Après plusieurs mois de travail en liaison avec ma commission, le schéma régional de l’enseignement supérieur et de la recherche préparé par le Vice-Président Yannick Neuder a été adopté à une large majorité lors de la session du 9 février 2017 du Conseil régional.

La Région fait le choix d’intervenir en matière d’enseignement supérieur et de recherche. Clairement, il s’agit de miser sur la connaissance, l’innovation et la formation des jeunes pour assurer leur insertion professionnelle. Ce schéma sera notre feuille de route pour cette politique pour les cinq prochaines années. Ci-dessous, la vidéo et le texte de mon intervention lors de l’adoption du schéma.


AP 9 février 2017 ● Intervention de Pierre… par elus_lr_dvd_sc

“Monsieur le Président,
Monsieur le vice-président Yannick NEUDER,
Chers collègues,

Trop longtemps, l’enseignement supérieur et la recherche ont été volontairement éloignés du monde de l’entreprise et de l’économie, le plus souvent pour des raisons purement idéologiques. Il est temps de rattraper le retard pris en la matière, pour répondre au mieux aux problématiques qui, aujourd’hui, se posent à nos universités, aux enseignants, aux chercheurs, et bien sûr aux étudiants.

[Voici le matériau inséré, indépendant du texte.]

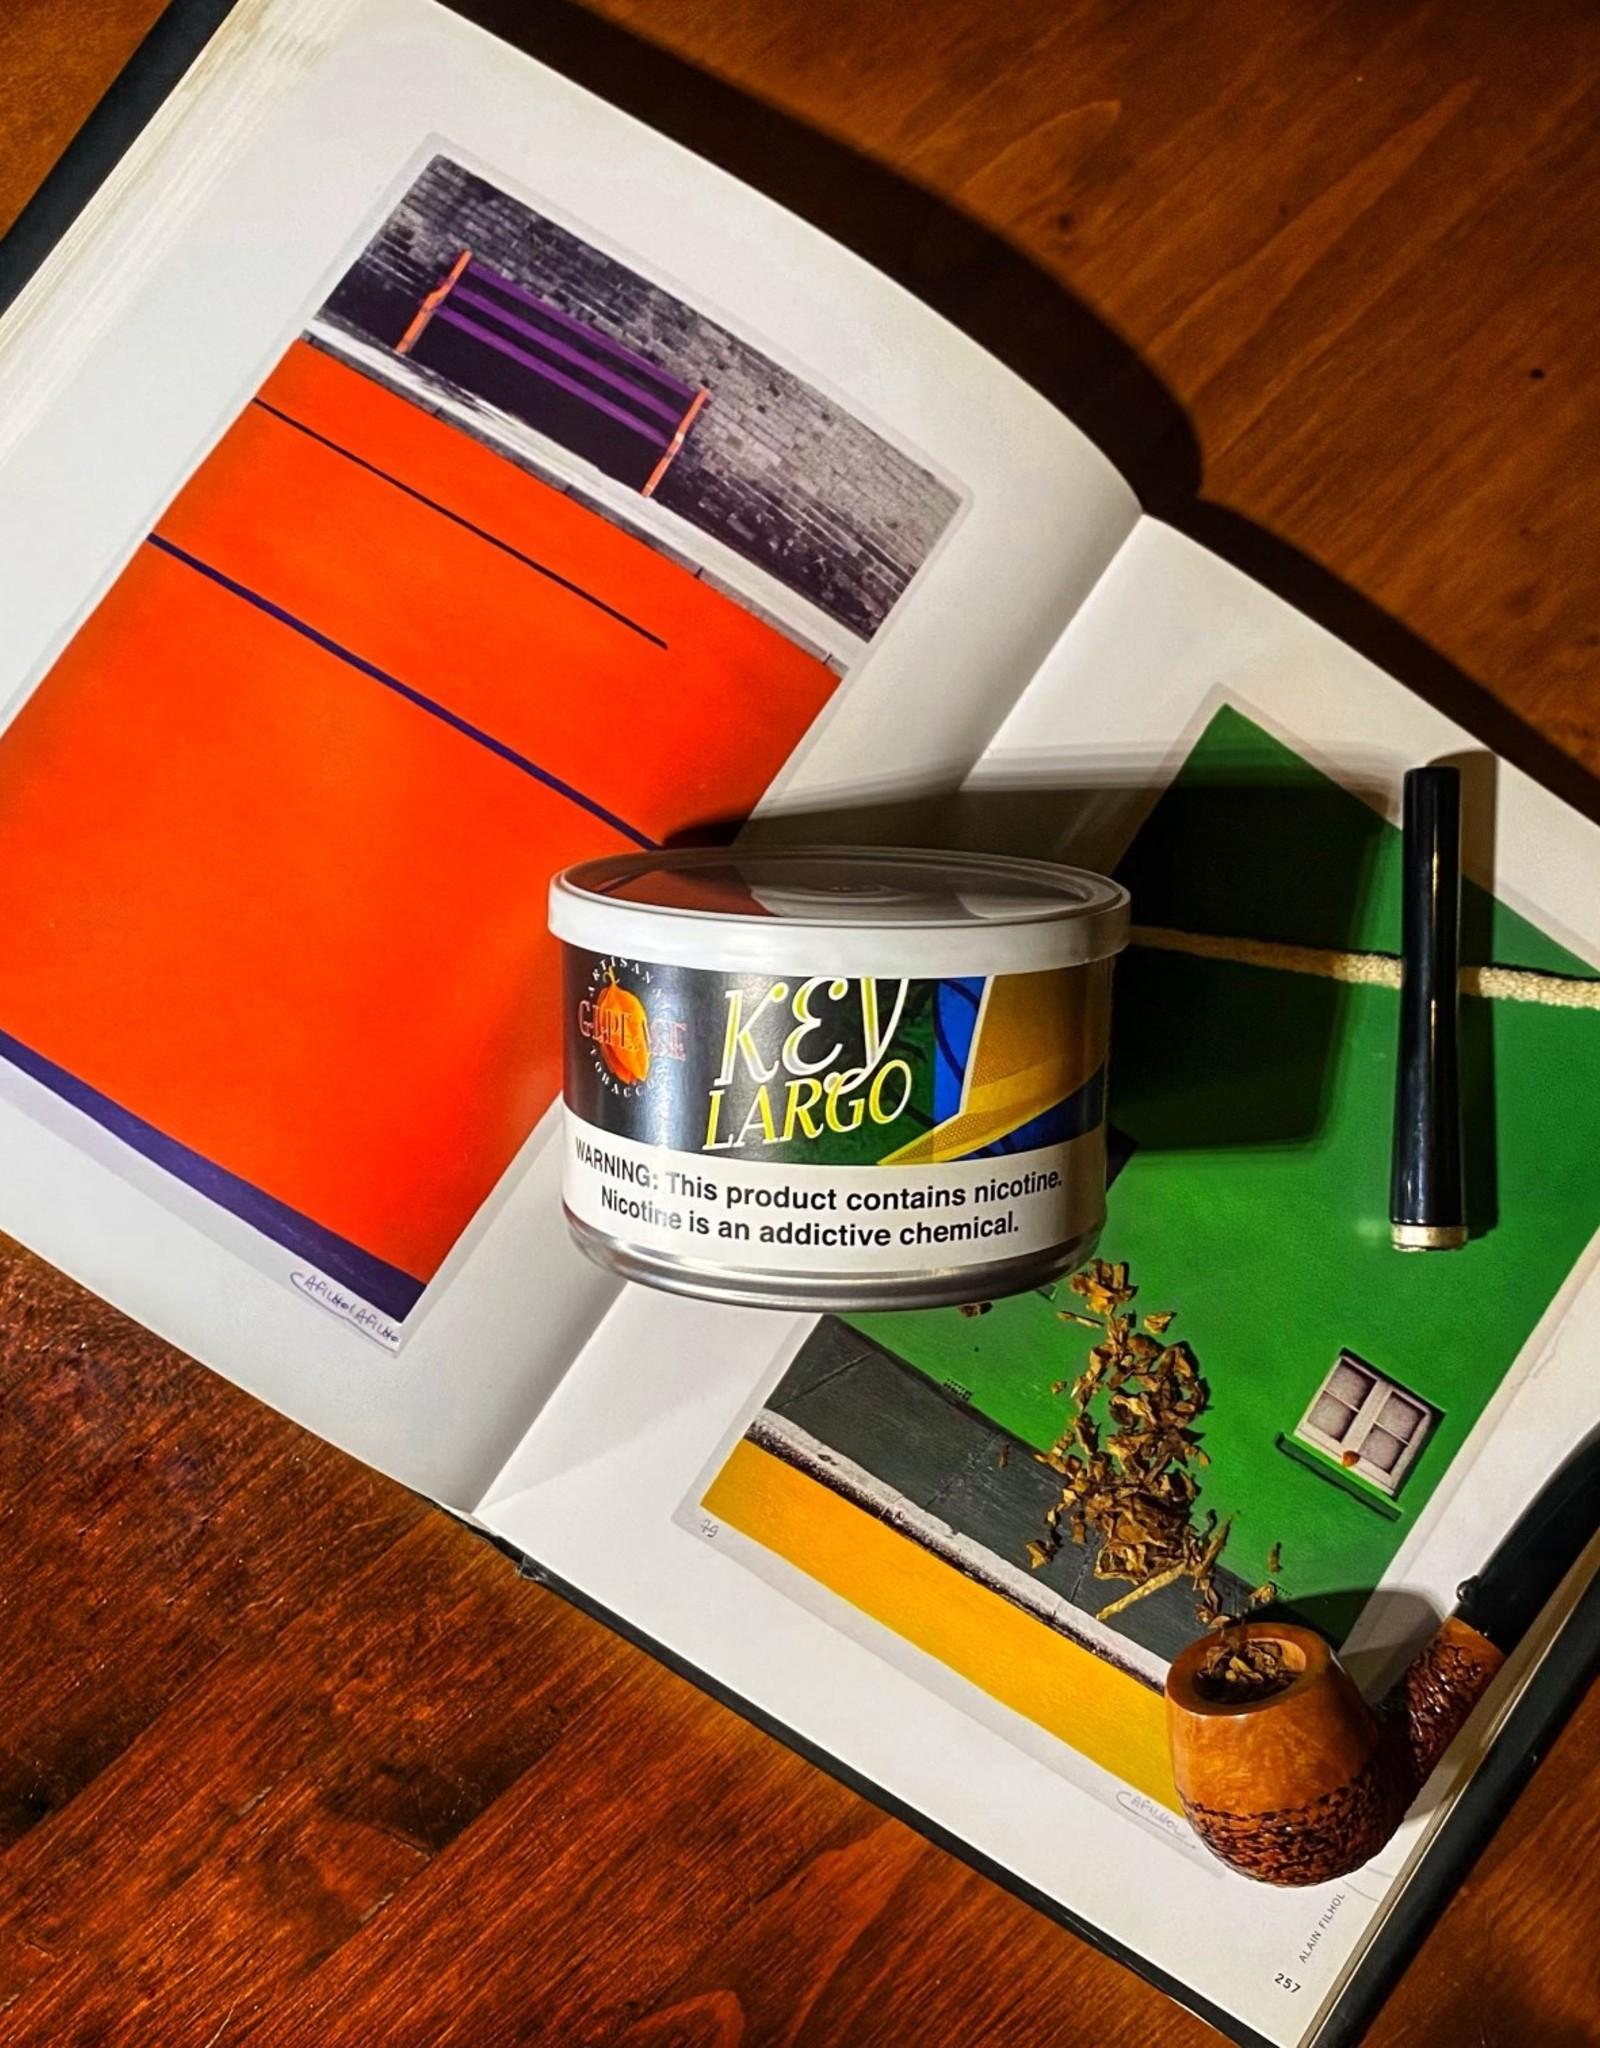 G.L. Pease G.L. Pease Pipe Tobacco Key Largo 2oz
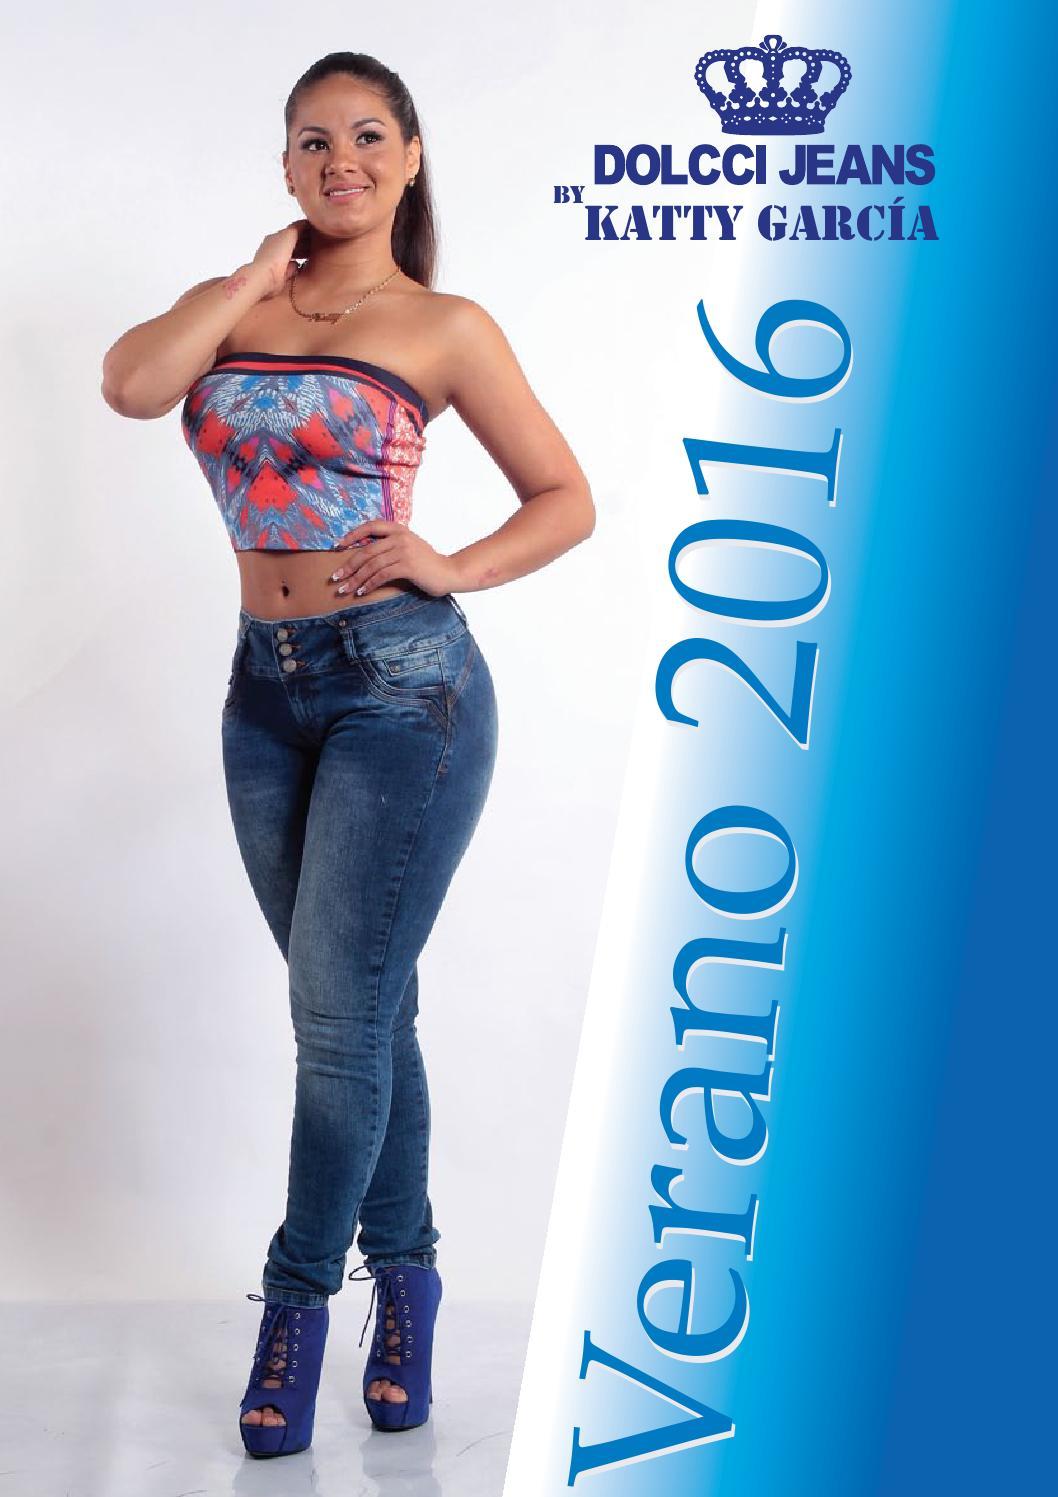 Nueva colecciu00f3n Verano 2016!! by Dolcci Jeans by Katty Garcia - Issuu

La première problématique, et c’est celle qui est la priorité de notre majorité depuis le début du mandat, c’est l’emploi.

Si l’insertion professionnelle croît en fonction du niveau de diplômes des jeunes, nous savons que la situation des étudiants du supérieur n’est pas pour autant acceptable : échecs massifs dans les premiers cycles universitaires, débouchés professionnels ne correspondant pas aux projets des jeunes diplômés. La part des jeunes en emploi trois ans après leur diplôme de L3 ou M1 a baissé entre les générations 2004 et 2010. C’est un gâchis pour les étudiants concernés, c’est un gâchis pour leur famille, c’est un gâchis pour la société française. Cette situation nous ne pouvons pas l’accepter.

Avec ce schéma Monsieur le Président, Monsieur le Vice-Président, vous mettez clairement la priorité sur la réussite des étudiants :
– avec la mise en place de parcours de formation répondant aux besoins des acteurs économiques, qui permettront d’assurer des débouchés aux jeunes diplômés dans des secteurs pérennes, tout en offrant aux employeurs des compétences adaptées et reconnues ;
– avec l’augmentation du nombre d’apprentis dans le supérieur,
– avec les expérimentations intéressantes que nous allons mener en matière d’appui à la mobilité internationale pour les étudiants entrepreneurs ou les étudiants en fin de cursus. Auvergne-Rhône-Alpes est en pointe pour les moyens consacrés aux bourses de mobilité, elle l’est aussi pour faire en sorte que cette mobilité soit plus que jamais un atout pour l’insertion professionnelle.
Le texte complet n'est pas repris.